Serotonin is a monoamine which functions as an important neurotransmitter in the central nervous system and as a major peripheral mediator produced by enterochromaffin cells of the gut and transported and released by platelets in the circulation. We discovered that vertebrates have two tryptophan hydroxylases, the rate limiting enzymes in serotonin synthesis, TPH1 and TPH2. Mice deficient in TPH1, the isoform responsible for the synthesis of serotonin in the gut, showed that peripheral serotonin is involved in thrombosis, pulmonary hypertension, remodelling of mammary glands, tumor angiogenesis, liver regeneration, and hepatitis. Mice deficient in TPH2, the isoform responsible for the synthesis of serotonin in the brain, were surprisingly viable and fertile, despite a near complete lack of serotonin in the brain, and showed growth retardation and altered autonomic control leading to impairment of sleep, respiration, and cardiovascular parameters. In addition, these mice exhibit increased aggression and maternal neglect. Furthermore, searching for molecules, which are crucial for the development of serotonergic neurons, we developed protocols for the differentiation of embryonic stem (ES) cells into serotonin-producing neurons. Based on genetic modifications of the ES cells, the method allows to select this neuronal population and to monitor their development in in-vitro and in-vivo studies.

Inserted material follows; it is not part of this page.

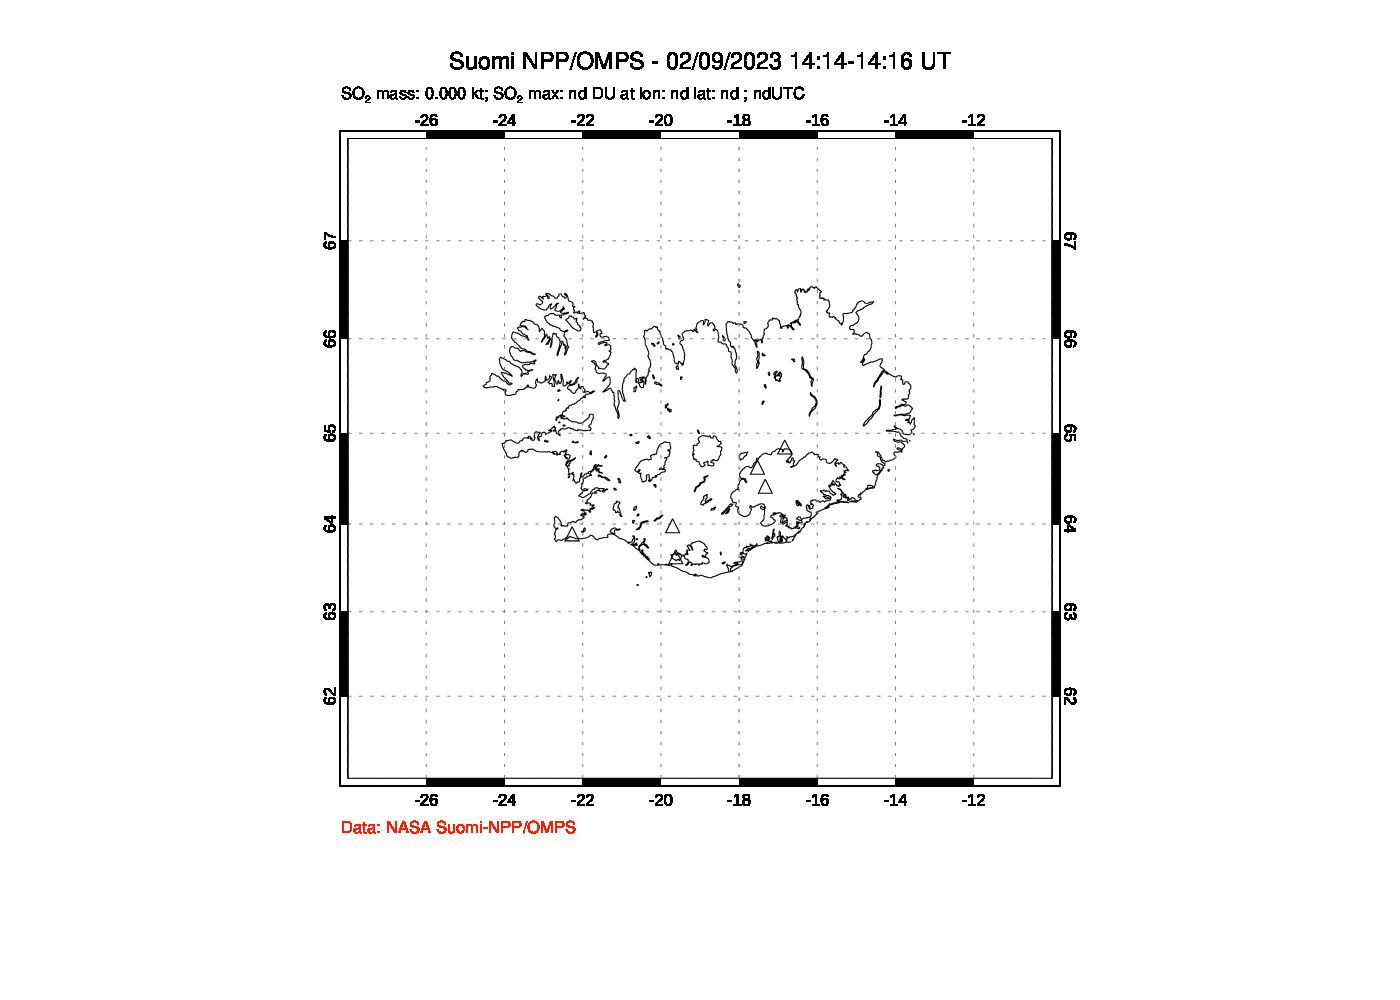 A sulfur dioxide image over Iceland on Feb 09, 2023.

In a collaborative work with the Charité studying gender effects in cardiac hypertrophy and failure, the group generates and characterizes animal models with altered androgen receptor expression in distinct cell types of the heart.
Importins are essential components of the machinery that transports proteins into the nucleus of eukaryotic cells. In an approach to study the physiological function of alpha importins we have generated knockout mice for all five known paralogs in the mouse. The most obvious phenotype was discovered in mice lacking importin alpha7: Both sexes of these animals are infertile. The molecular basis of this phenotype is currently analyzed. In addition, we could show that the absence of importin alpha5 during mouse development does not significantly interfere with neuronal differentiation and proper brain development, in contrast to the prediction based on a study in cell culture. Comparative studies on alpha-importin deficient mice and cells derived from them will allow to discover novel redundancies and specificities in nuclear transport.
Transgenic and stem cell technology
The group has also a strong emphasis in the field of rat embryology and stem cell research. The rat is the preferred animal in physiological and behavioural studies. However so far, there is no reliable method of generating targeted genetic alterations in these species. In order to obtain rat pluripotent stem cells two methodologies were applied in our group: isolation of ES (embryonic stem) from rat preimplantation embryos and generation of induced pluripotent stem (iPS) cells from fibroblasts upon infection with lentiviruses carrying pluripotency genes. These cells are used to explore the signalling cascades underlying mechanisms of pluripotency in the rat, to develop protocols in regenerative therapy, and to establish homologous recombination and thereby allowing gene targeting in the rat. Furthermore, transgenic rats have been produced carrying constructs, which express small interference RNAs suited to downregulate specific genes. The first target gene was the insulin receptor yielding a unique inducible rat model for diabetes mellitus type 2.